In cases where the Cypher planner is unable to remove the Sort operator, the planner can utilize knowledge of the ORDER BY clause to plan the Sort operator at a point in the plan with optimal cardinality.

min() and max()

For the min and max functions, the index-backed order by optimization can be used to avoid aggregation and instead utilize the fact that the minimum/maximum value is the first/last one in a sorted index. Consider the following query which returns the fist actor in alphabetical order:

PROFILE
MATCH (p:Person)-[:ACTED_IN]->(m:Movie)
RETURN min(p.name) AS name
+----------------+
| name           |
+----------------+
| "Aaron Sorkin" |
+----------------+
1 row

Aggregations are usually using the EagerAggregation operation. This would mean scanning all nodes in the index to find the name that is first in alphabetic order. Instead, the query is planned with Projection, followed by Limit, followed by Optional. This will simply pick the first value from the index.

Compiler CYPHER 4.2

Planner COST

Runtime INTERPRETED

Runtime version 4.2

+-------------------+-----------------------------+----------------+------+---------+----------------+------------------------+
| Operator          | Details                     | Estimated Rows | Rows | DB Hits | Memory (Bytes) | Page Cache Hits/Misses |
+-------------------+-----------------------------+----------------+------+---------+----------------+------------------------+
| +ProduceResults   | name                        |              1 |    1 |       0 |                |                    0/0 |
| |                 +-----------------------------+----------------+------+---------+----------------+------------------------+
| +EagerAggregation | min(p.name) AS name         |              1 |    1 |     172 |              0 |                    0/0 |
| |                 +-----------------------------+----------------+------+---------+----------------+------------------------+
| +Filter           | p:Person                    |            172 |  172 |     172 |                |                    0/0 |
| |                 +-----------------------------+----------------+------+---------+----------------+------------------------+
| +Expand(All)      | (m)<-[anon_17:ACTED_IN]-(p) |            172 |  172 |     210 |                |                    0/0 |
| |                 +-----------------------------+----------------+------+---------+----------------+------------------------+
| +NodeByLabelScan  | m:Movie                     |             38 |   38 |      39 |                |                    0/0 |
+-------------------+-----------------------------+----------------+------+---------+----------------+------------------------+

Total database accesses: 593, total allocated memory: 0

For large datasets, this can improve performance dramatically.

Index-backed order by can also be used for corresponding queries with the max function, but with slightly lower performance.

Restrictions

The optimization can only work on native indexes. It does not work for predicates only querying for the spatial type Point.
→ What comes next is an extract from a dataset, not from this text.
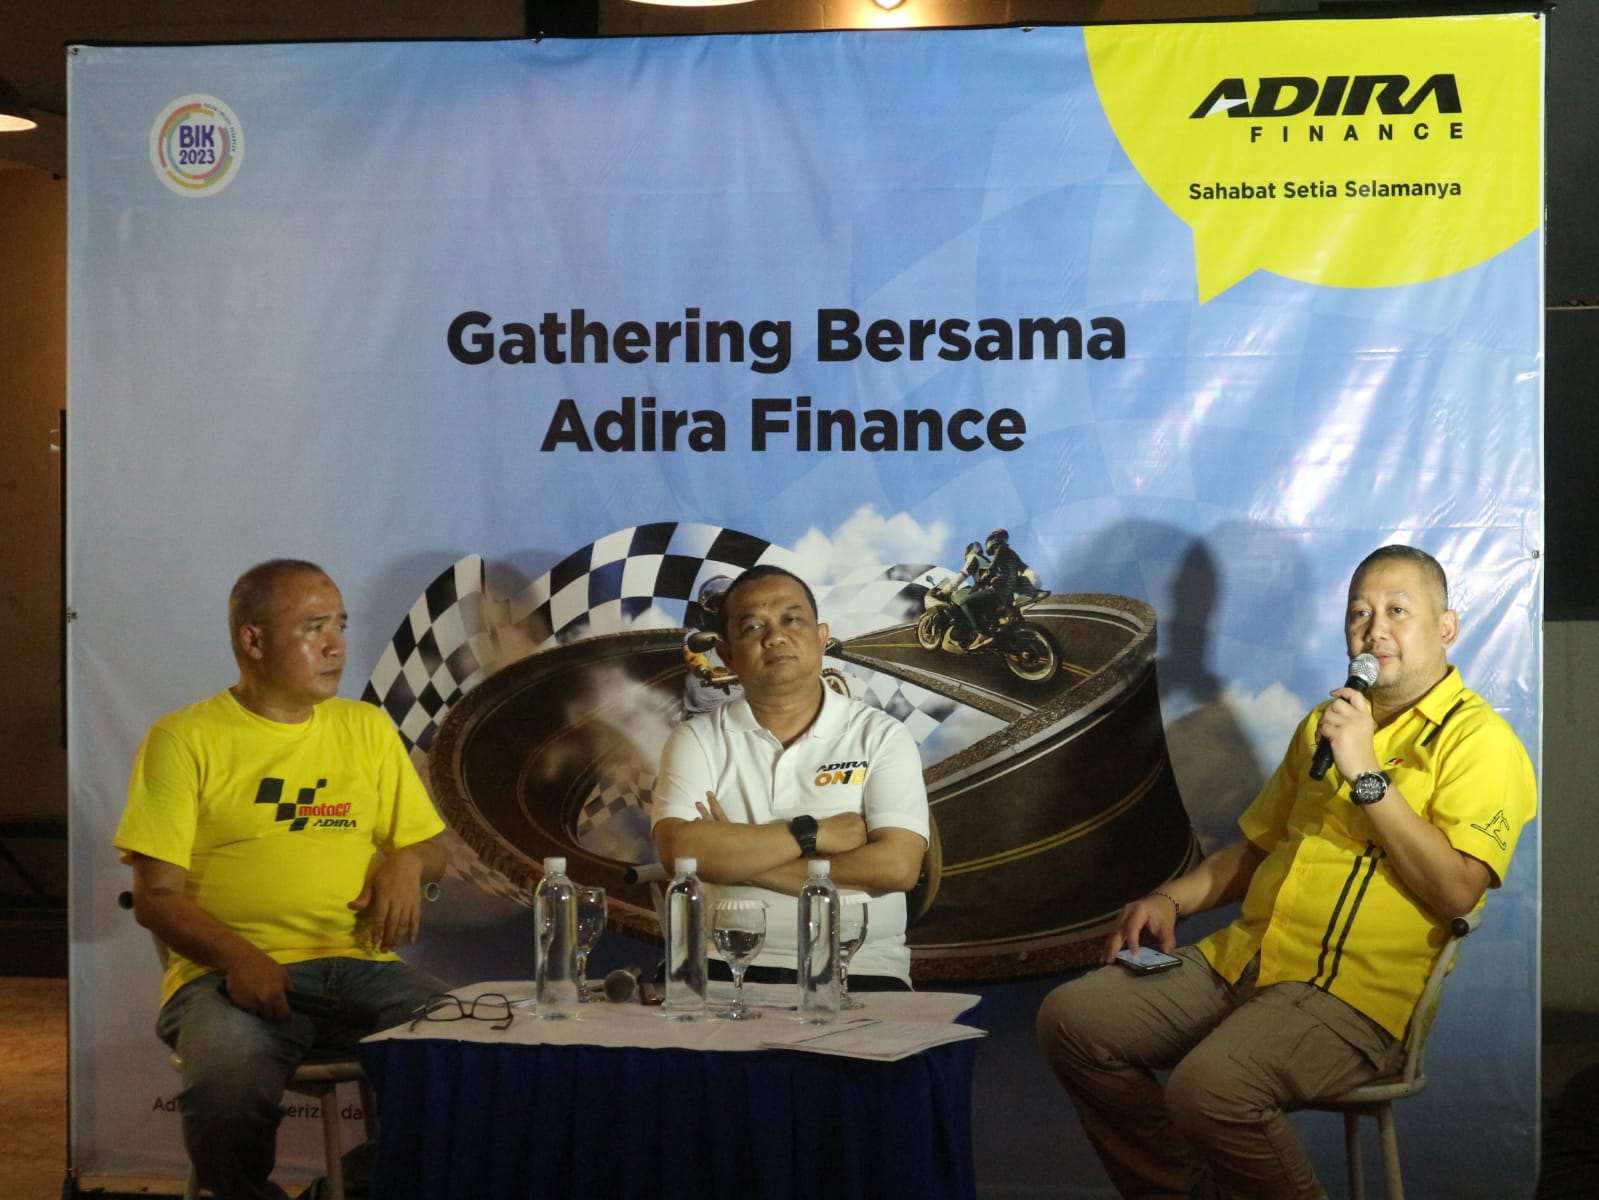 Pelanggan Adira Finance Cirebon Bisa Nonton Langsung MotoGP di Mandalika, Begini Caranya

Predicates that can be used to enable this optimization are:

  • Existence (e.g.WHERE exists(n.name))

  • Equality (e.g. WHERE n.name = 'Tom Hanks')

  • Range (e.g. WHERE n.uid > 1000 AND n.uid < 2000)
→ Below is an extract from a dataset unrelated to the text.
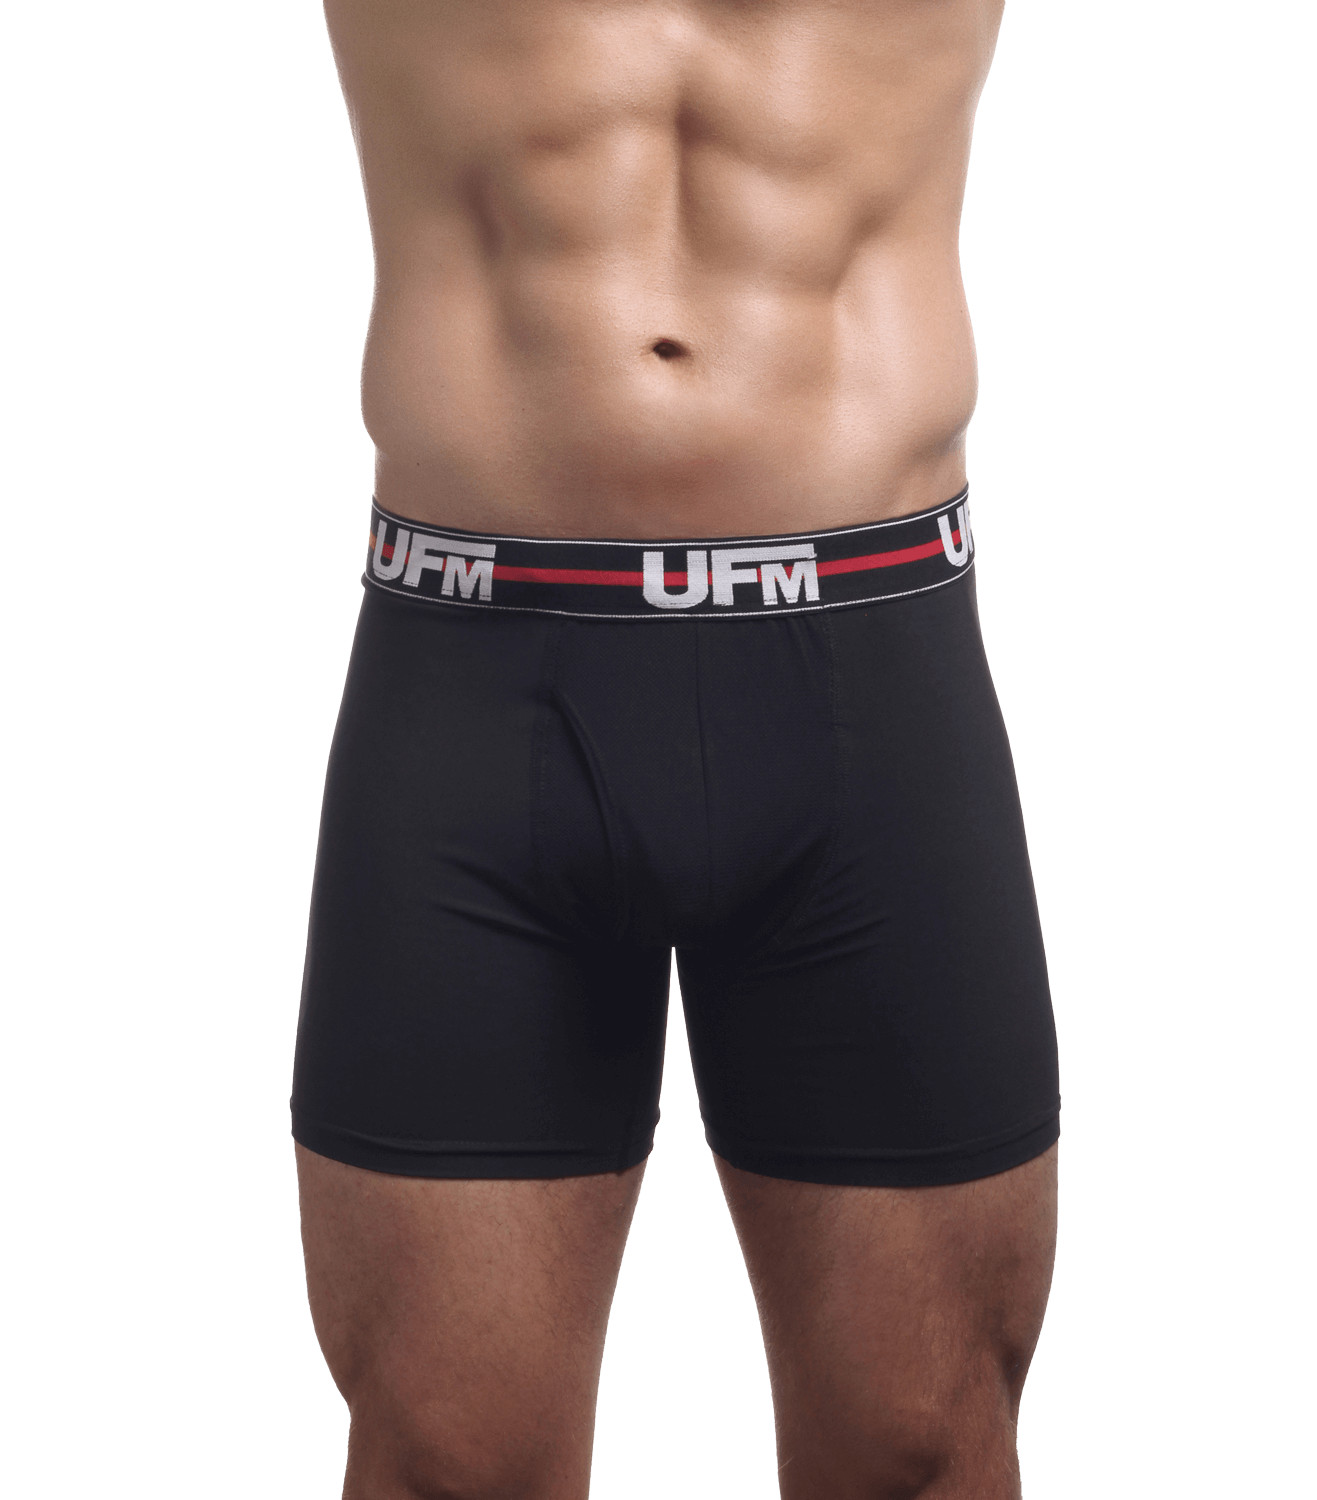 gen 1 sport boxer brief front 2 underwear for men

  • Prefix (e.g. WHERE n.name STARTS WITH 'Tom')

  • Suffix (e.g. WHERE n.name ENDS WITH 'Hanks')

  • Substring (e.g. WHERE n.name CONTAINS 'a')

Predicates that will not work:

  • Several predicates combined using OR

  • Equality or range predicates querying for points (e.g. WHERE n.place > point({ x: 1, y: 2 }))

  • Spatial distance predicates (e.g. WHERE distance(n.place, point({ x: 1, y: 2 })) < 2)

If there is an existence constraint on the property, no predicate is required to trigger the optimization. For example, CREATE CONSTRAINT constraint_name ON (p:Person) ASSERT exists(p.name)

As of Neo4j 4.2.19, predicates with parameters, such as WHERE n.prop > $param, can trigger index-backed order by. The only exception are queries with parameters of type Point.